Models display a systematic tendency to over-call fouls, with misidentification rates for negative samples (i.e., correct legal actions) exceeding 37–63% in neutral settings and surging higher under suggestive questioning. Sensitivity to adversarial or leading context points to insufficient robustness and calibration, a critical limitation for real-world officiating scenarios.
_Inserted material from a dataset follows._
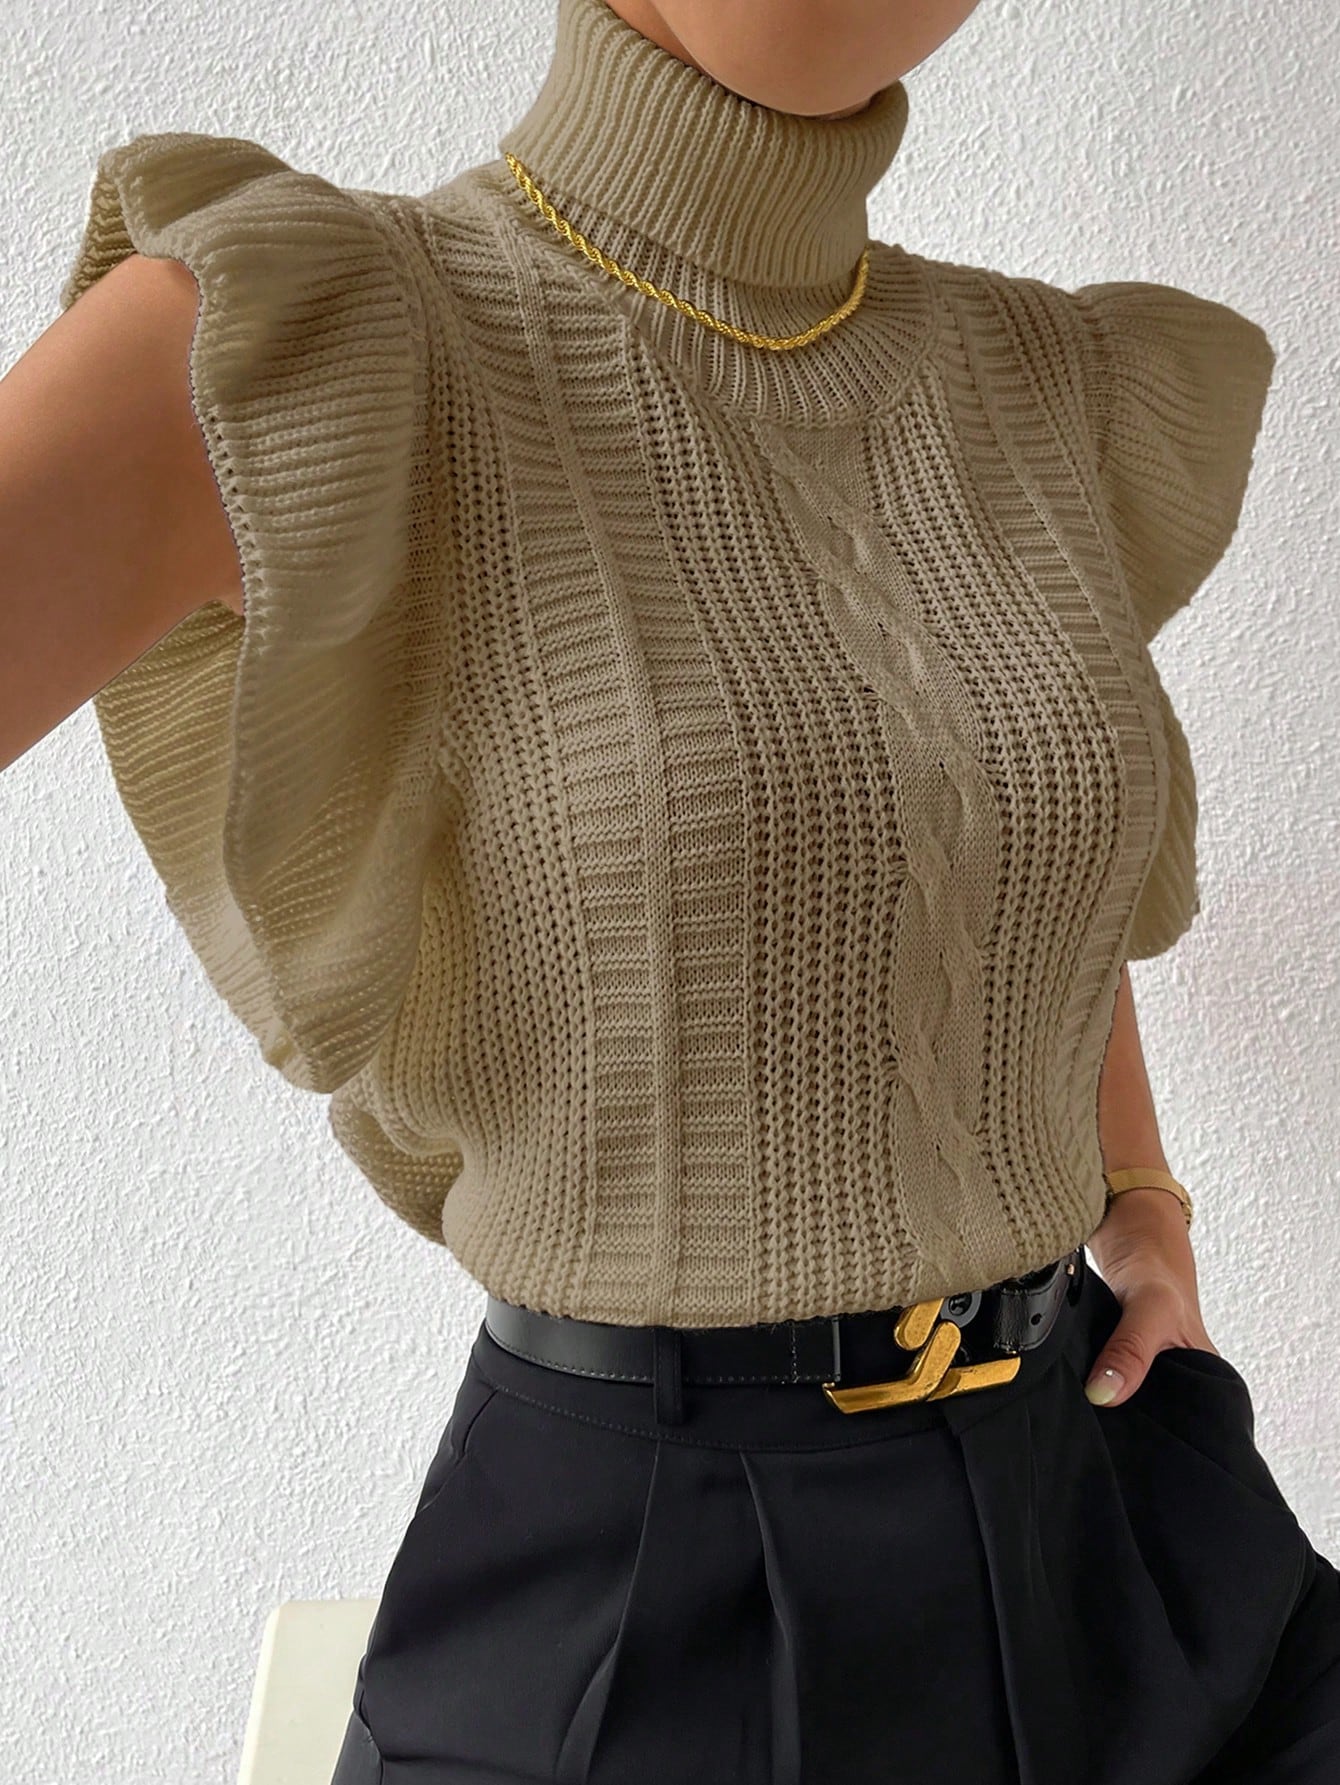 French Girl Turtle Neck Ruffle Trim Cable Knit Sweater Vest

Implications, Limitations, and Future Directions

Practical Consequences

Current MLLMs are not deployment-ready for trustworthy, automated refereeing in either professional or amateur sports settings. While some components—entity recognition, event spotting—approach functional adequacy, the central competencies of temporal localization and legal rule application remain underdeveloped and error-prone.

Theoretical Implications

The findings expose the boundaries of parametric multimodal learning vis-à-vis structured, domain-specific reasoning. Scaling model or data size alone does not resolve the disconnect between perceptual event understanding and actionable, rule-compliant decision-making. Progress will require architectures capable of tightly integrating physical evidence, temporally synchronized semantics, and explicit symbolic reasoning over sport rulebooks.

Future Research Directions

Promising research directions include:

  • Enhanced multimodal pretraining with explicit sports officiating supervision
  • Visual chain-of-thought approaches for transparent, stepwise event-to-rule reasoning
  • Agentic pipeline architectures decomposing the task into incident detection, candidate classification, and rule validation modules
  • Data augmentation spanning underrepresented sports, interaction patterns, and evidence types to promote generalization and debiasing
  • Reinforcement learning leveraging human-in-the-loop calibration for robustness against bias and adversarial context

Conclusion

RefereeBench establishes a rigorous, expert-verified testbed for evaluating the hierarchical reasoning capacities of MLLMs in multi-sport automatic refereeing. Present generation models—despite demonstrating impressive general multimedia capabilities—fall short of the reliability threshold required for real-world officiating, especially in high-stakes or ambiguous scenarios. The benchmark provides a critical evaluation lens and foundation for subsequent research into trustworthy, rule-grounded, and interpretable multimodal AI systems for complex real-world decision-making (2604.15736).